Through this new funding we will conduct experiments on a coupled social-economic-ecological system to test hypotheses about alternative management controls, and support future management and policy decisions. Such experiments are clearly not feasible in the real world, so we have to carry them out in virtual systems based on our computational mathematical and statistical models of particular marine regions; we have chosen the west of Scotland and the Celtic Sea as case study areas.

The scientific innovation in the project will be to link a) models of the marine ecology in these regions, with b) models representing the economic and cultural valuation of living marine ecosystem services, and c) models representing the management measures to regulate human activities affecting the marine ecology, for example constraints on commercial fisheries.

We will use output from this coupled system to support evaluation of cultural values that cannot be parameterised in models. The impact and knowledge exchange innovation will be to involve stakeholders in the development of story-lines describing potentially conflicting desirable and undesirable outcomes and alternative scenarios for management measures, and in the evaluation of the results to underpin ongoing management and policy decisions.

The project will deliver:

  • Advances in the valuations of living marine natural capital, and its response to management interventions.
  • A scientific framework for conducting virtual experiments on the integrated social-economic-ecological system.
  • A participatory scheme for engaging stakeholders in virtual experiments on the marine social-economic-ecological system.
  • Models and outputs to support strategic decisions on the sustainable use of the marine environment and understanding of cultural values, and support for Marine Strategy Framework Directive (MSFD) assessments. 


This project came about following discussions with a range of policy orientated stakeholders, which resulted in the emergence of some surprising threads of conversation. For example, the Department for Environment, Food and Rural Affairs (Defra) was interested in the relative values of ‘fish on a plate’ as opposed to ‘fish in the sea’. In other words, what are the benefits to society from leaving fish in the sea to support e.g. wildlife which underpin tourism, leisure and recreation services, as opposed to catching them to eat?

This theme was picked up by Marine Scotland who were interested in how marine natural capital might be utilised in efforts to reduce inequality of human health and life-expectancy in Scotland. On the one hand, it was noted that a portion of oily pelagic fish provides 7-times the human health benefit of a portion of white-fish. On the other hand, the health benefits of exercise and engagement in the natural environment are well known, so can we harness the abundance of marine wildlife and the marine environment to assist in the goal of levelling opportunity and reducing health care costs? These are surprisingly high-level, strategic goals, but the clearly articulated link to the marine ecosystem and MERP science is intriguing and interesting.

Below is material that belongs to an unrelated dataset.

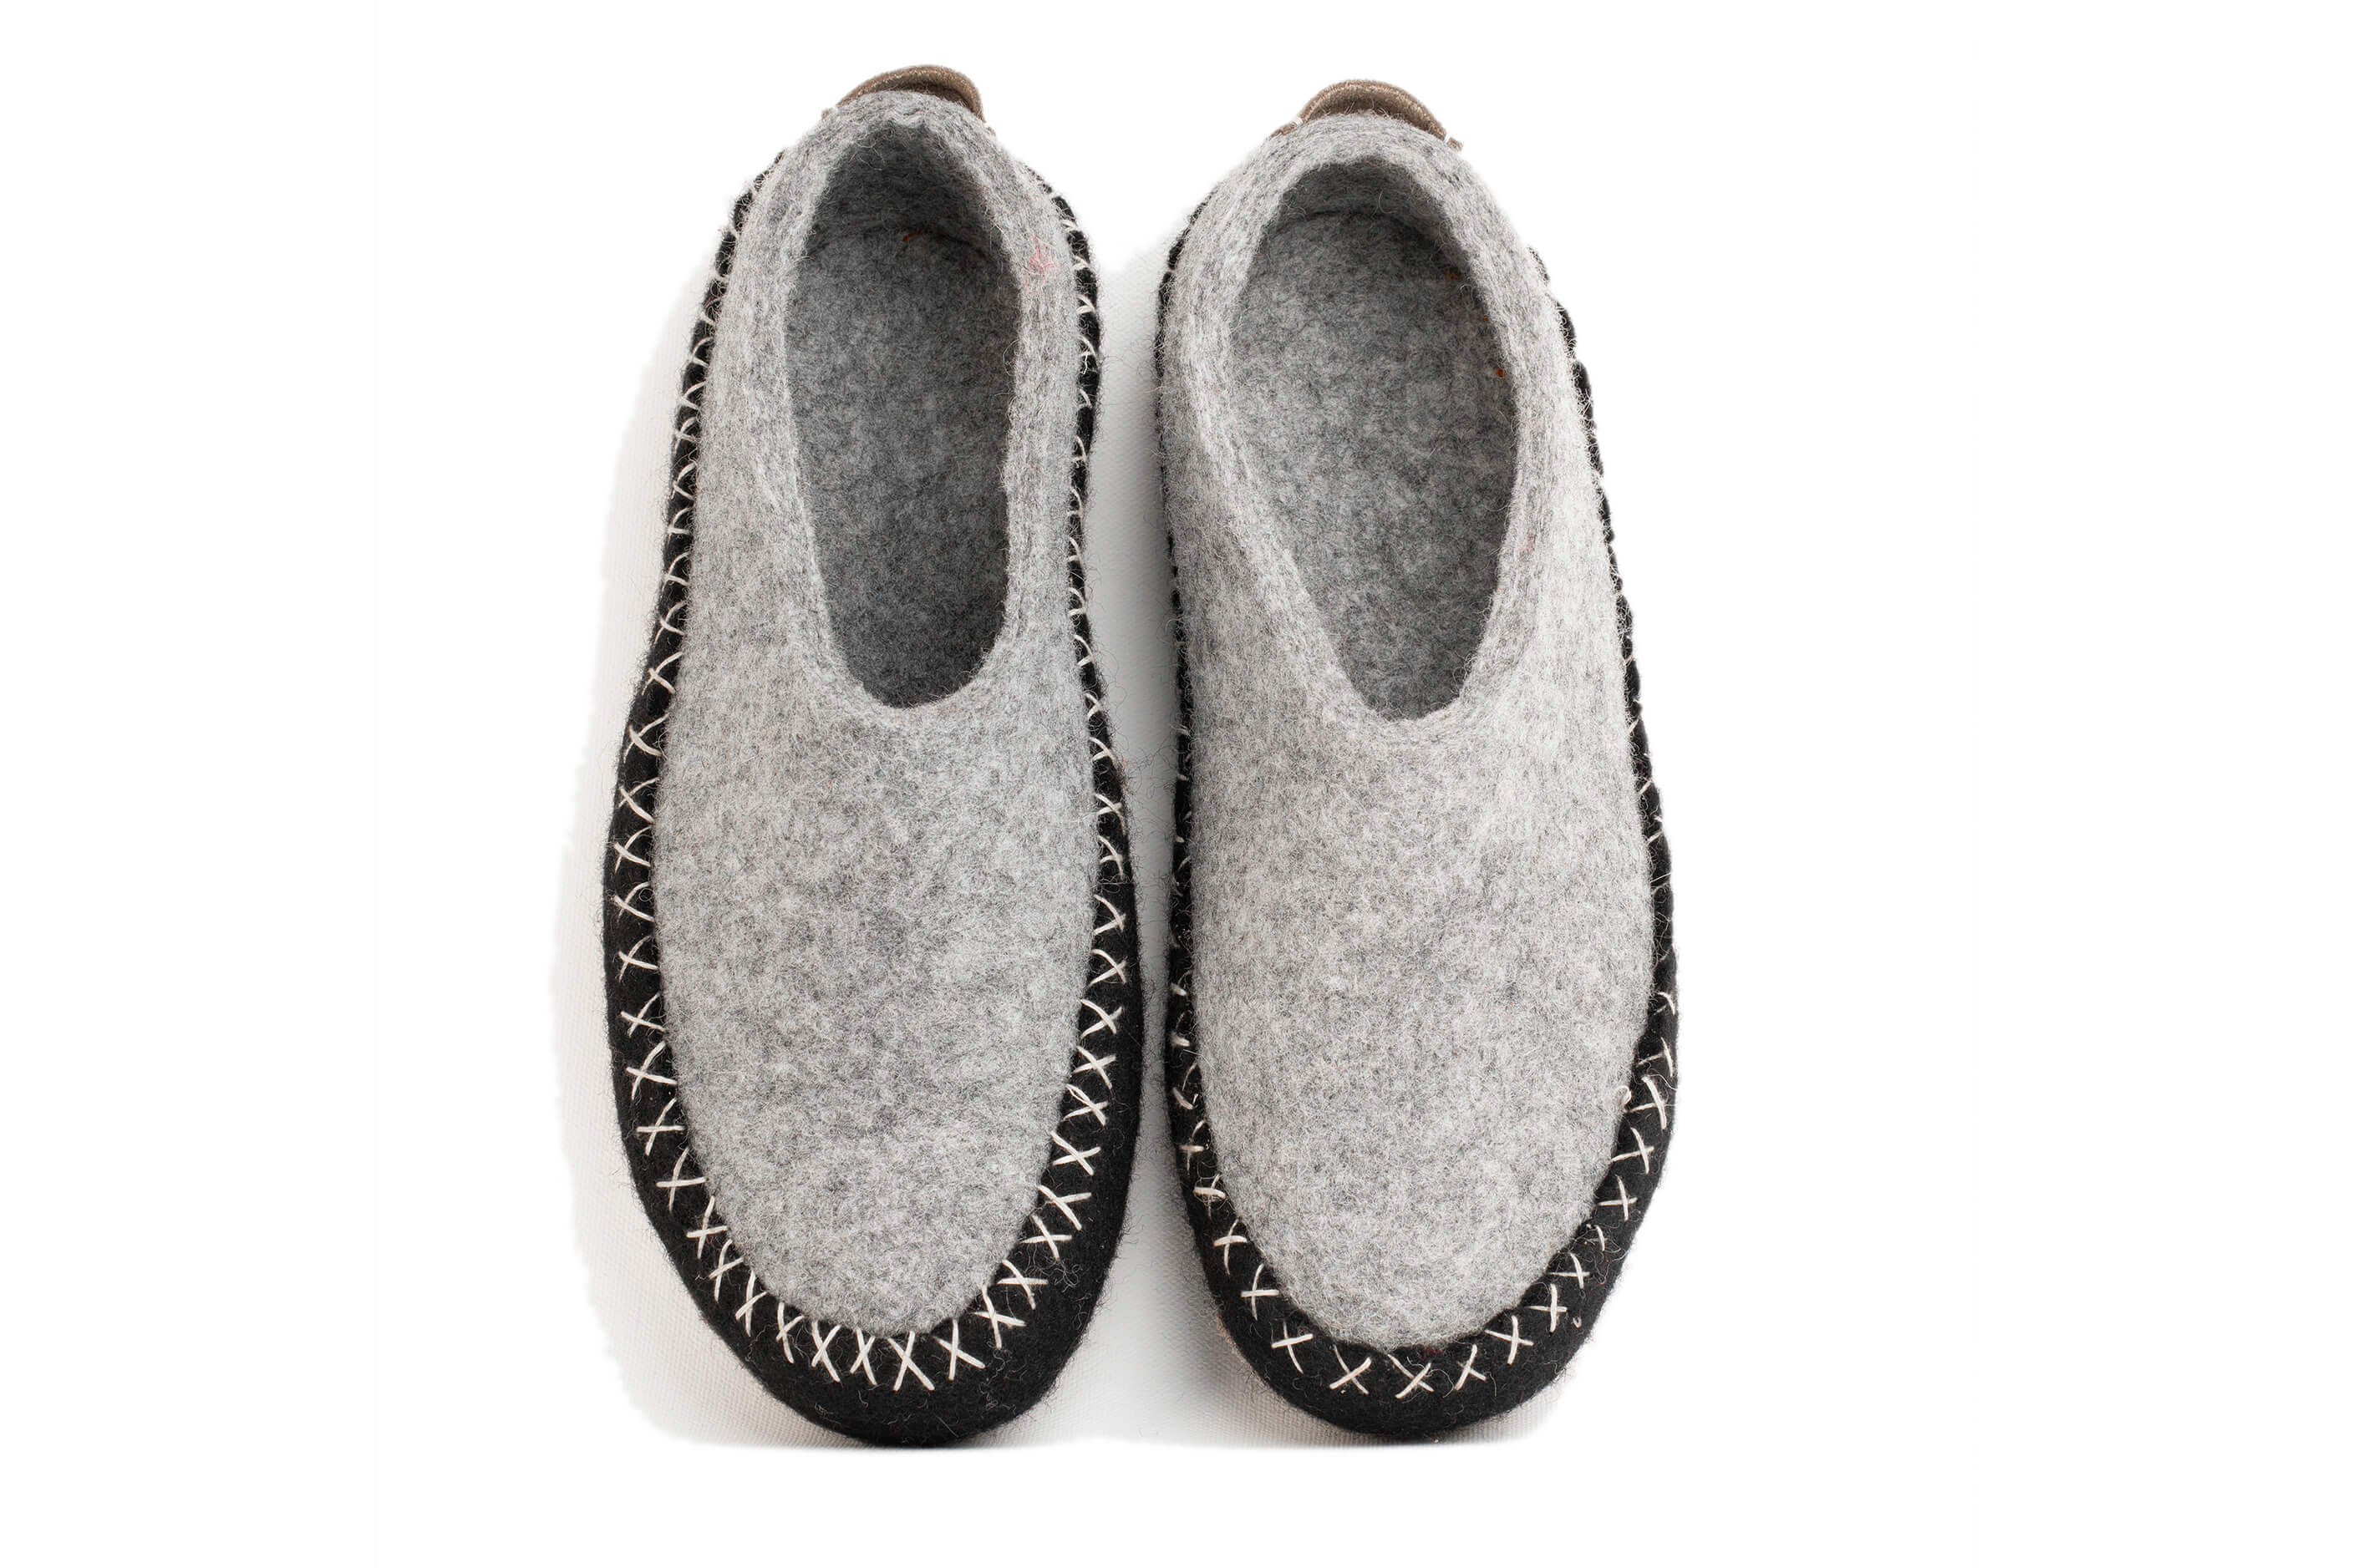 Indoor Open Heel Slipper With Leather Sole - Black & Grey

At a more ‘coal-face’ level, Defra policy staff were keen that MERP science should contribute as much as possible to the evidence base for MSFD indicators, and in the decision making for how the UK should manage its seas to meet targets.

The ‘natural capital’ angle to the call text led us to think in terms of the work that has been done in the National Ecosystem Assessment and Valuing Nature programmes, and how the ecosystem services and valuation thinking in these programmes might be applied in MERP. The next logical step for MERP seemed to be to treat human society as being integrated with, and part of the natural world. This approach has strong scientific foundations in the terrestrial realm but has rarely been attempted in marine science.

The project is now well underway starting with the active engagement of stakeholders through a series of workshops in case study areas.